Mornings have been difficult because Chooch was part of my morning routine. Thanks for cheering me up, CiCi!

Mornings used to be my favorite part of the day—because they started with Chooch. Every sunrise felt brighter knowing I’d hear the soft sound of his paws before I even opened my eyes. Chooch had this sixth sense for when I was waking up. His big eyes would meet mine, and his tail would thump gently, just once or twice, as if to say, “I’m here, let’s start our day.”

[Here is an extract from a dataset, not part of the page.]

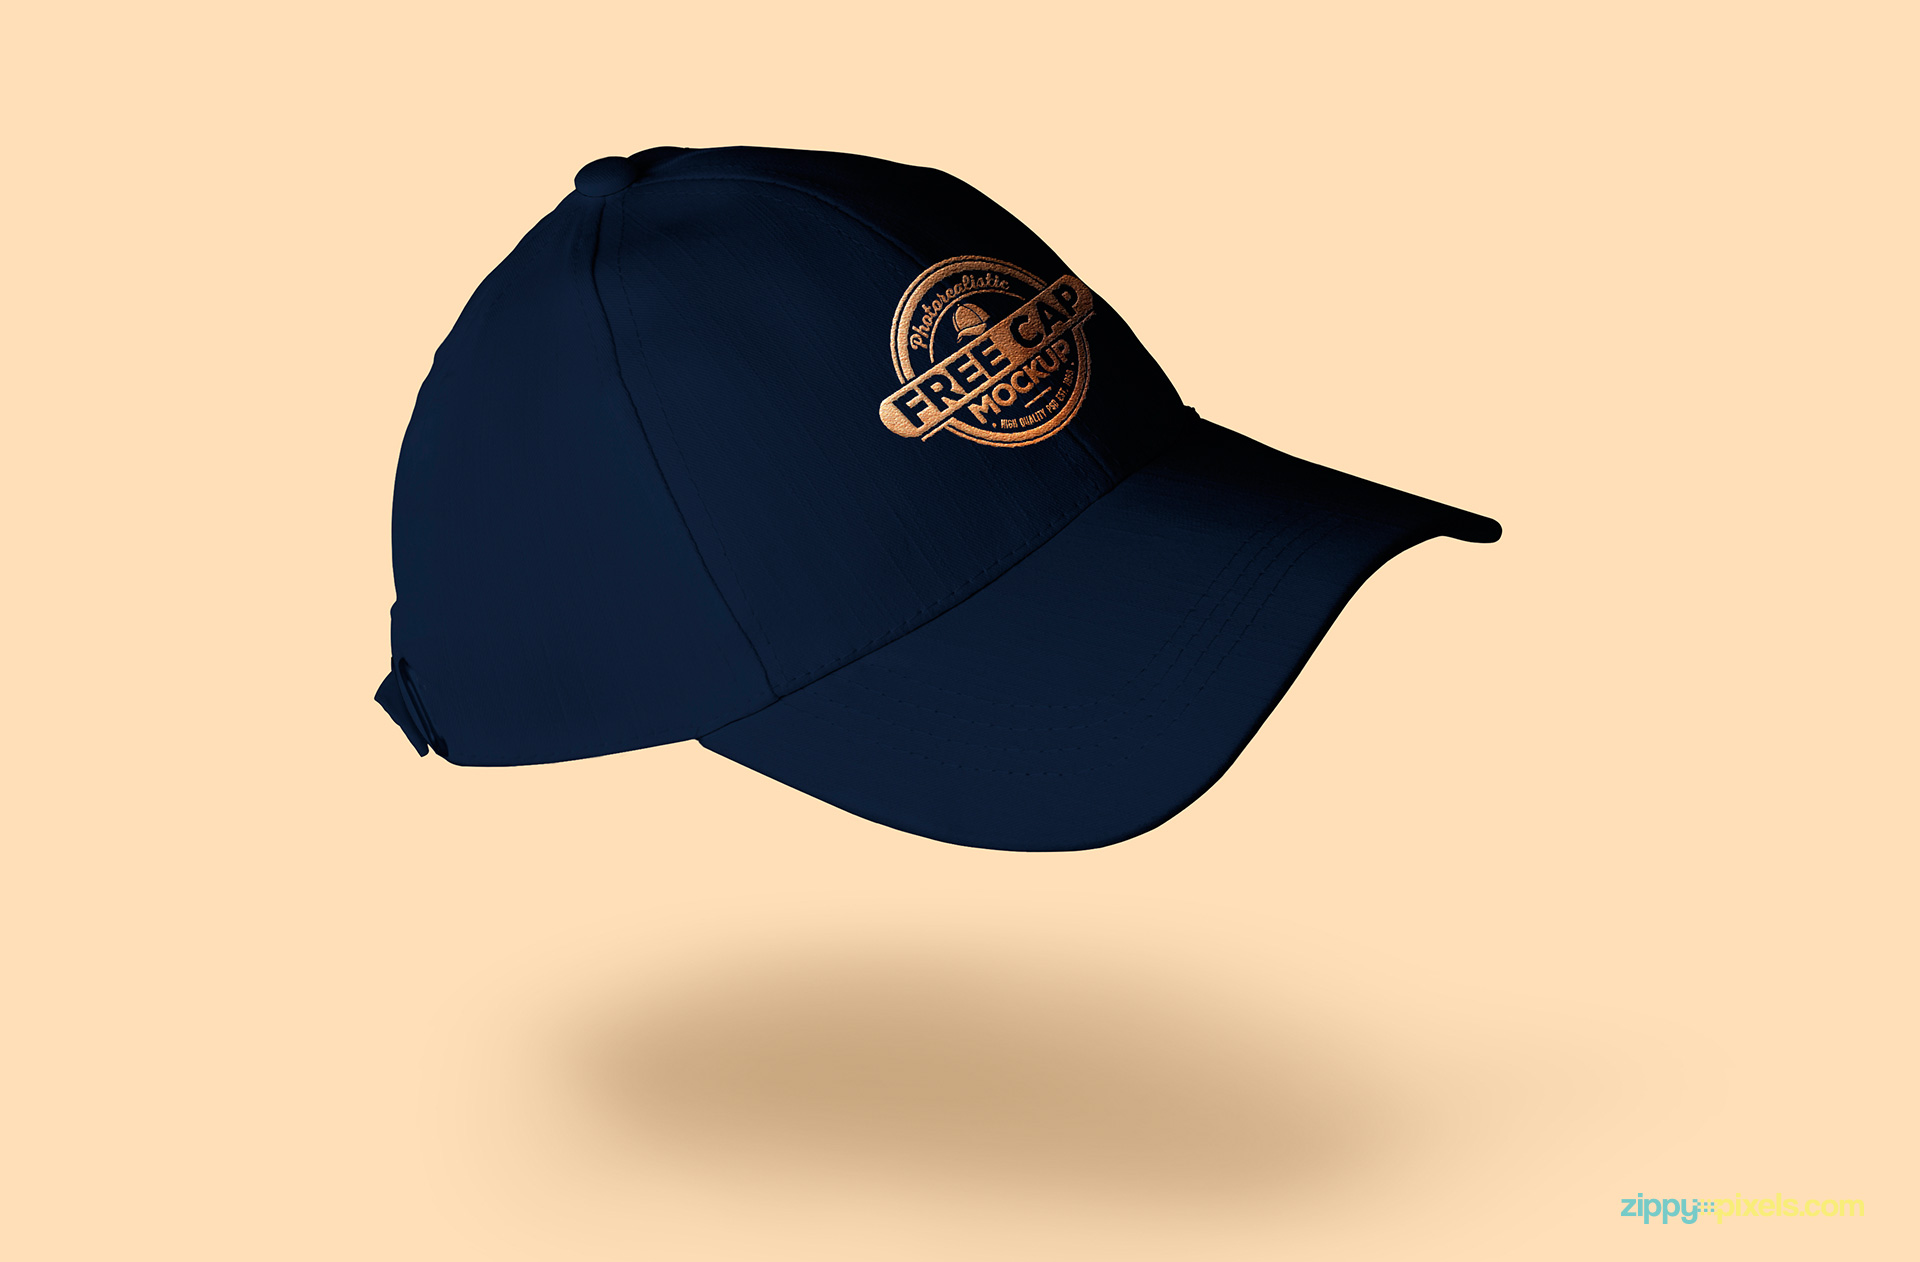 Present your designs on this awesome free baseball cap mockup.

Now, the mornings feel quieter. Too quiet. No heavy head nudging into my hand. No excited bark asking for breakfast. No stretching, yawning, or warm presence lying next to me. The emptiness hits hardest when I reach for the leash out of habit, or glance at his favorite spot by the door. The weight of his absence is everywhere, but it’s especially heavy in those first waking moments when he used to be the very first part of my day.

But then there’s CiCi.

She’s a completely different soul—goofy, high-energy, and full of surprises. When I’m lost in memories of Chooch, CiCi brings me back to the present with her wagging tail and playful eyes. She doesn’t try to replace him, and she doesn’t have to. Somehow, she knows just how to lift my spirits, often without doing anything grand. A silly spin, a belly flop onto her bed, or even just her clumsy way of climbing into my lap can make me laugh when I didn’t think I could.

One morning, I sat quietly in the kitchen, coffee untouched, thinking of all the times Chooch had rested his chin on my knee as I drank it. Out of nowhere, CiCi trotted in, jumped onto the bench next to me, and put her head gently in my lap—almost the exact same way. It broke me and healed me at the same time.

Grief doesn’t go away, but joy still finds its way in.

I’ll always miss Chooch, especially in the mornings. He was a rhythm in my life that I never wanted to lose. But thanks to CiCi, that rhythm hasn’t stopped—it’s just changed. She reminds me that love continues, even after loss. And for that, I’m so grateful.

Thank you, CiCi, for bringing light to my mornings again.